We obtained individual-level data of colorectal adenocarcinomas (pancancer atlas) from The Cancer Genome Atlas Program (TCGA) through cBioPortal repository (https://www.cbioportal.org/study/summary?id=coadread_tcga_pan_can_atlas_2018, Fig. 1)27. The TCGA data were de-identified and publicly available. Therefore, this study was categorized as an exempt study (category 4) and did not require an Institutional Review Board (IRB) review. The transcriptomic data (RNAseq V2) were processed and normalized using RSEM (rsem.genes.normalized_results of the TCGA dataset), calculated into z-score and dichotomized using the median z-score of all samples27.

Fig. 1: Study flow.
figure 1

We extracted the colorectal adeno-carcinoma cases in the cancer genome atlas (TCGA), and classified the patient survival into four categories, including alive with no progression, alive with progression, dead with no known progression, and dead with progression. We used random forests (RF) and multinomial logistic regression (MLR) to classify the four-category outcomes. The 10-fold cross-validation approach was used during the modeling of the MLR model.

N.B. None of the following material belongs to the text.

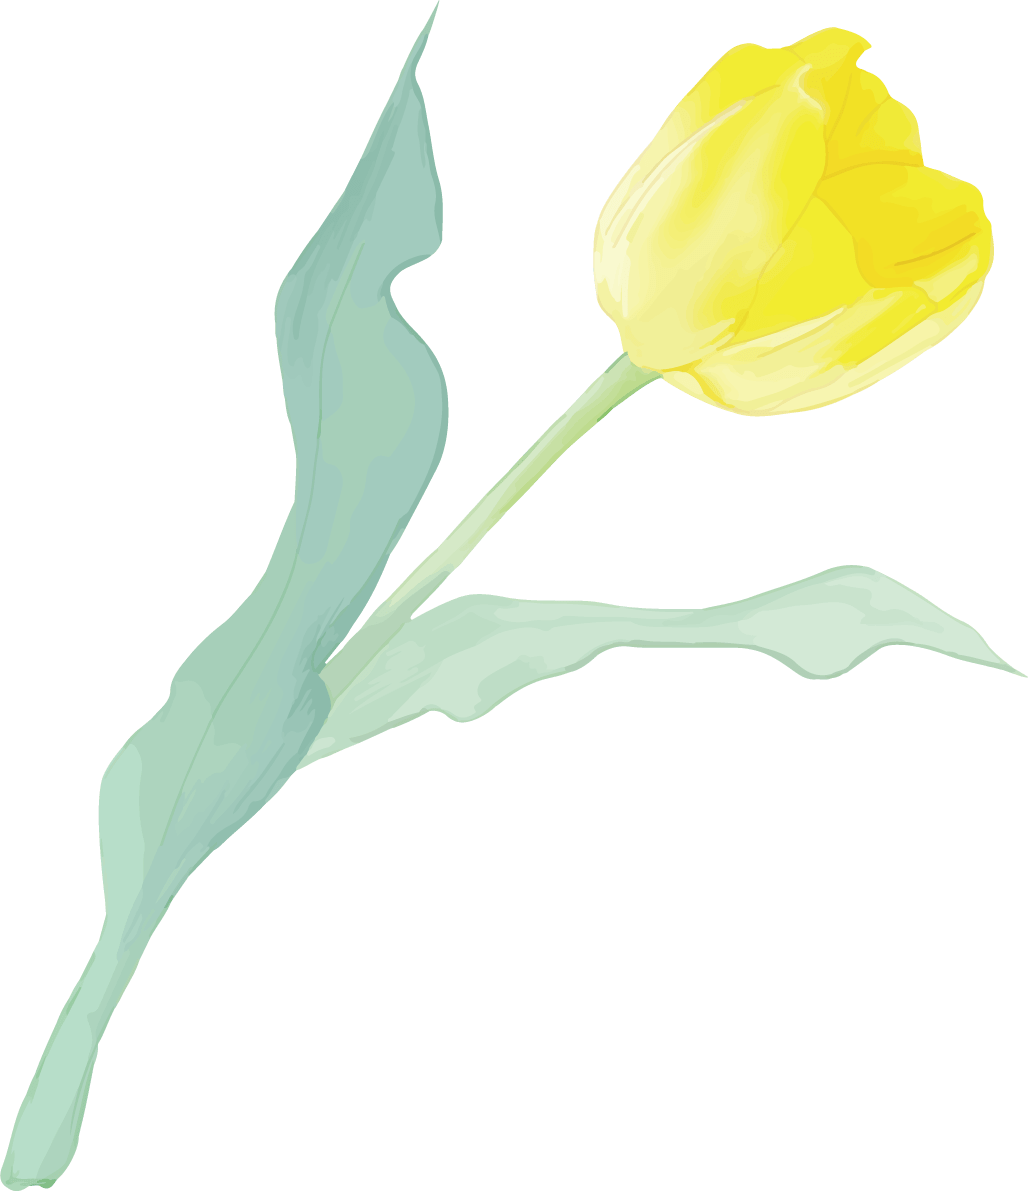 リアル綺麗チューリップイラスト 黄色の花が右に傾き咲く イラスト素材 超多くの無料かわいいイラスト素材

We extracted the MSI statuses from a previous study on TCGA CRC that used a nonnegative matrix factorization-based consensus clustering model28. We also extracted the genomic data of 16 clinically-significant oncogenic-driver or MSI-related genes, including KRAS, NRAS, BRAF, NTRK1, NTRK2, NTRK3, ERBB2, POLE, MSH2, MSH6, PMS2, MLH1, APC, TP53, PIK3CA, and SMAD429,30,31,32. The genomic data were standardized and annotated using Genome Nexus (which utilizes VEP with the canonical UniProt transcript, https://github.com/mskcc/vcf2maf/blob/master/data/isoform_overrides_uniprot). Any driver alternations (amplifications, mutations, copy-number variation, and deletions) of these oncogenic driver genes were determined using GISTIC 2.033.

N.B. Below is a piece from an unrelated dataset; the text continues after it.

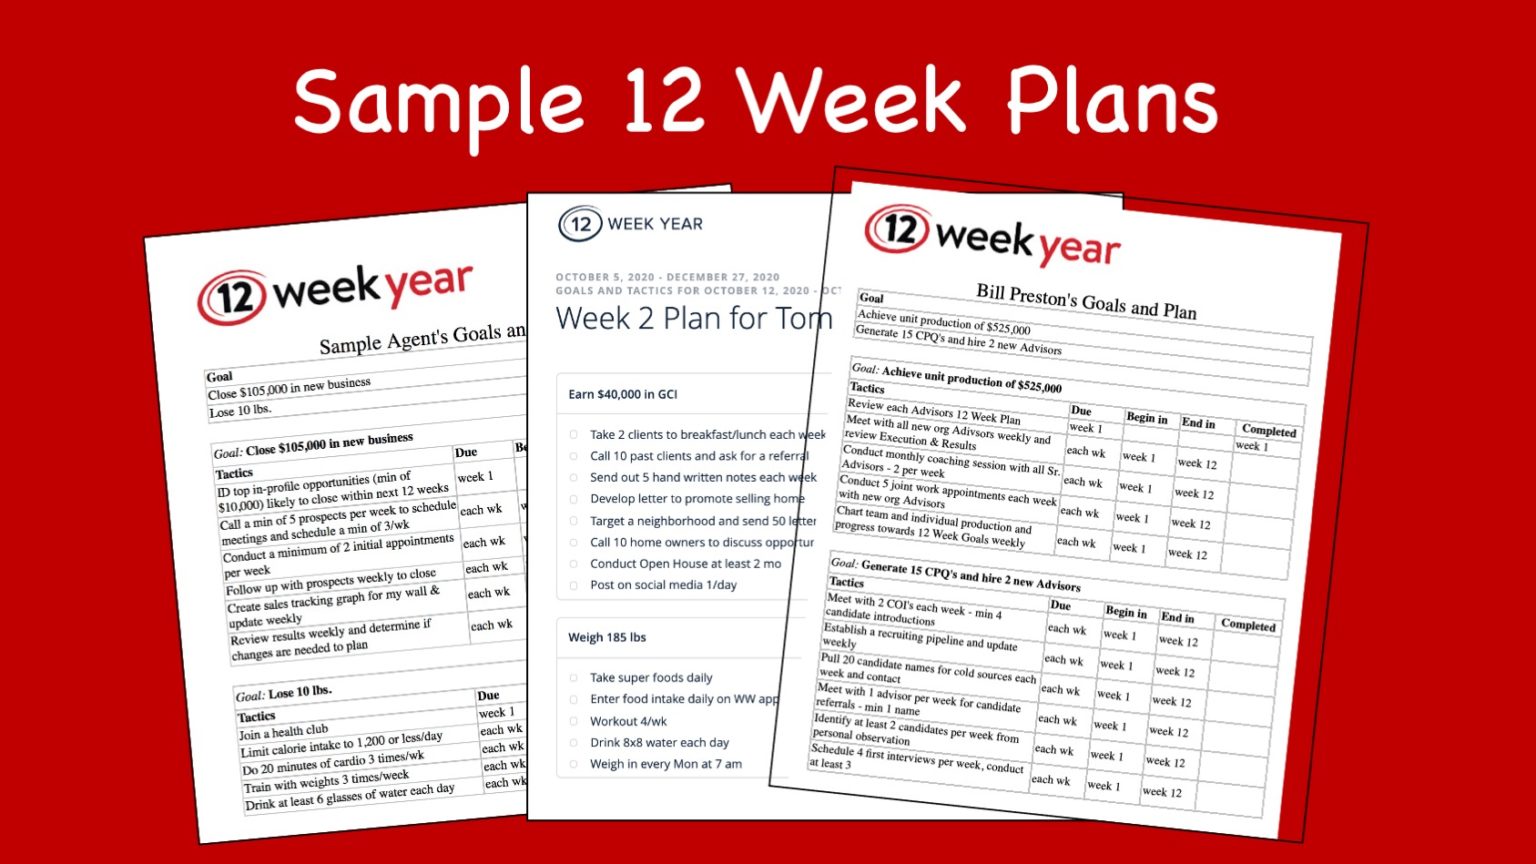 sample-12-week-plans-the-12-week-year

We performed the differentially expressed genes (DEG) analysis to remove the less relevant transcriptomes using Chi-square test7. The DEG and clinico-pathological features were subject to the modeling alone or with addition of the genomic and MSI data. The outcomes of the classification models were the patients’ four-category survival, including alive with no progression, alive with progression, dead with no known progression, and dead with progression. All processes were conducted using Python 3.6.9.

RF modeling

Tuning

We used the RandomForestClassifier from the Python Scikit-learn package for RF modeling34. We used the Gini index as the split criterion and had 20 iterations for each run.

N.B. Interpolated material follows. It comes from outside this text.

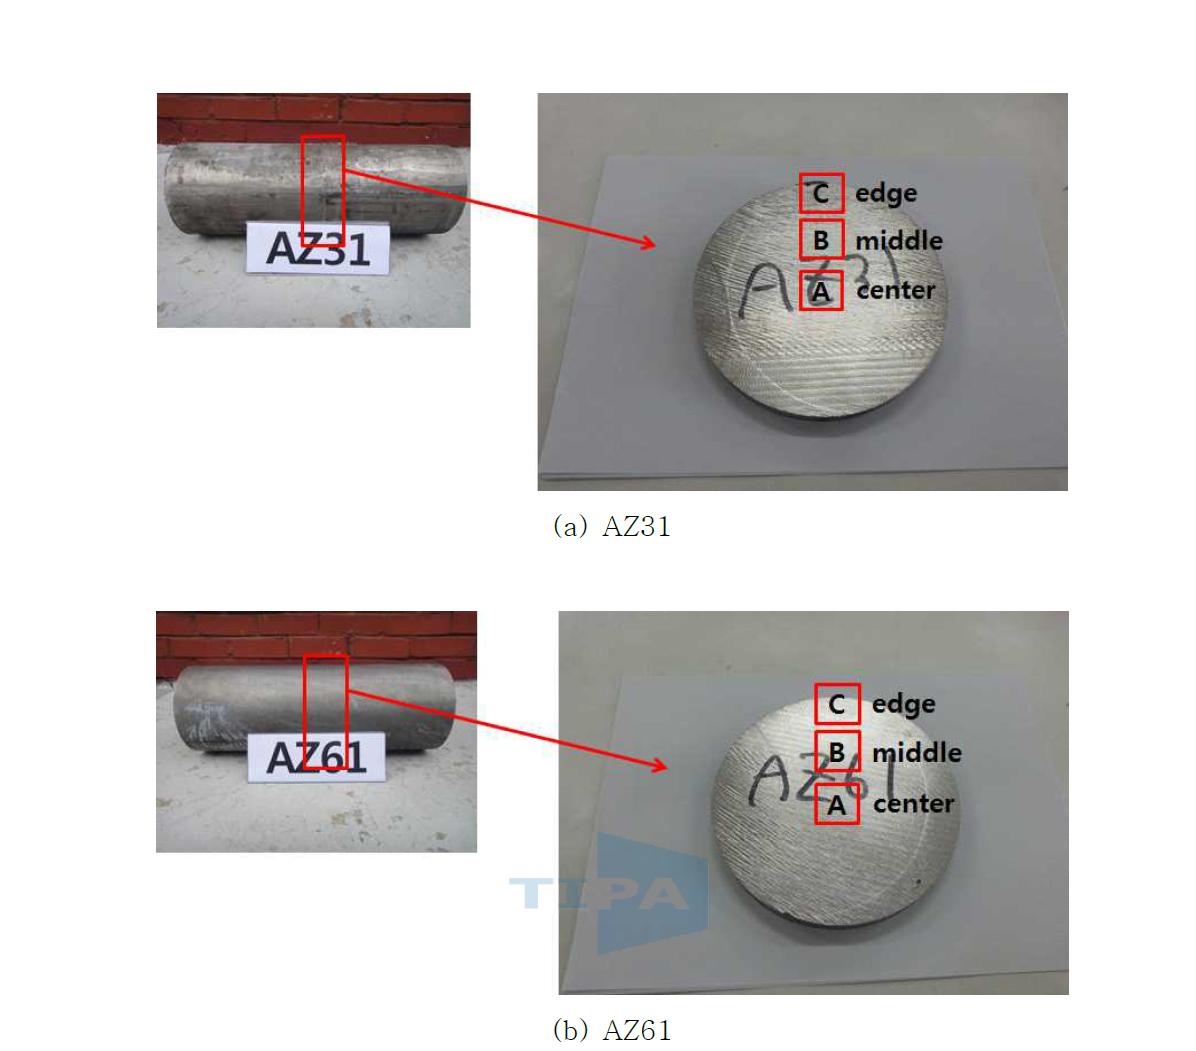 알루텍 제조 AZ31 및 AZ61 연속주조 빌렛의 미세조직 관찰을 위한 시료 채취 위치

During the tuning of the RF model, parameters including n_estimator (the number of trees in the forest), min_sample_splits (the minimum number of samples required to split an internal node), min_samples_leaf (the minimum number of samples required to be at a leaf node), and n_jobs (the number of jobs to run in parallel) were tuned.

To measure the accuracy of the model, we used cross_val_score imported from the Scikit-learn package, which evaluated the accuracy of a model using cross validation. We used a 5-fold cross validation, which produced five separate accuracy values for each iteration of our tuning, from which we took the average value.

We automated the tuning process. The pipeline first tuned n_estimator (range of 5–195, with increments of 5) and min_sample_splits (range of 2–14). This was repeated twice. We then tuned min_sample_leaf (range of 1–25) and n_jobs (range of 1–14) three times. The pipeline automatically selected the parameters which produced the highest average accuracy. To obtain the feature importance from our model, we used the feature_importances_ property, which measured the Gini importance, the impurity-based feature importance. Feature_importances was part of RandomForestClassifier from the Scikit-learn Package. We ran the tuned RF model 20 times to obtain the mean of the feature importance. We obtained performance metrics, including accuracy, recall, precision, and F1 score, using the cross_validate function imported from the sklearn.model_selection package from Scikit-learn34.

Feature selection

Ranked approach, feature importance approach, and preset feature selection were used for feature selection, with each approach described in detail as following. The whole process of each approach was repeated 20 times. We then compared the performance metrics of the optimized models based on all data versus clinical and transcriptomic data that reached the best accuracy and precision, using Student t-test.

Ranked approach

We performed feature selection on the RF model using our pipeline based on ranking. After sorting the features based on their average feature importance, we created a number of reduced datasets. The number of features in these datasets increased by an increment of 185 features. Thus, we created 11 reduced datasets (Supplementary Table 1). During the process of feature selection, we tuned each reduced dataset individually using the aforementioned tuning process. After tuning, we ran the tuned model 20 times for each reduced dataset and collected the performance metrics of the model.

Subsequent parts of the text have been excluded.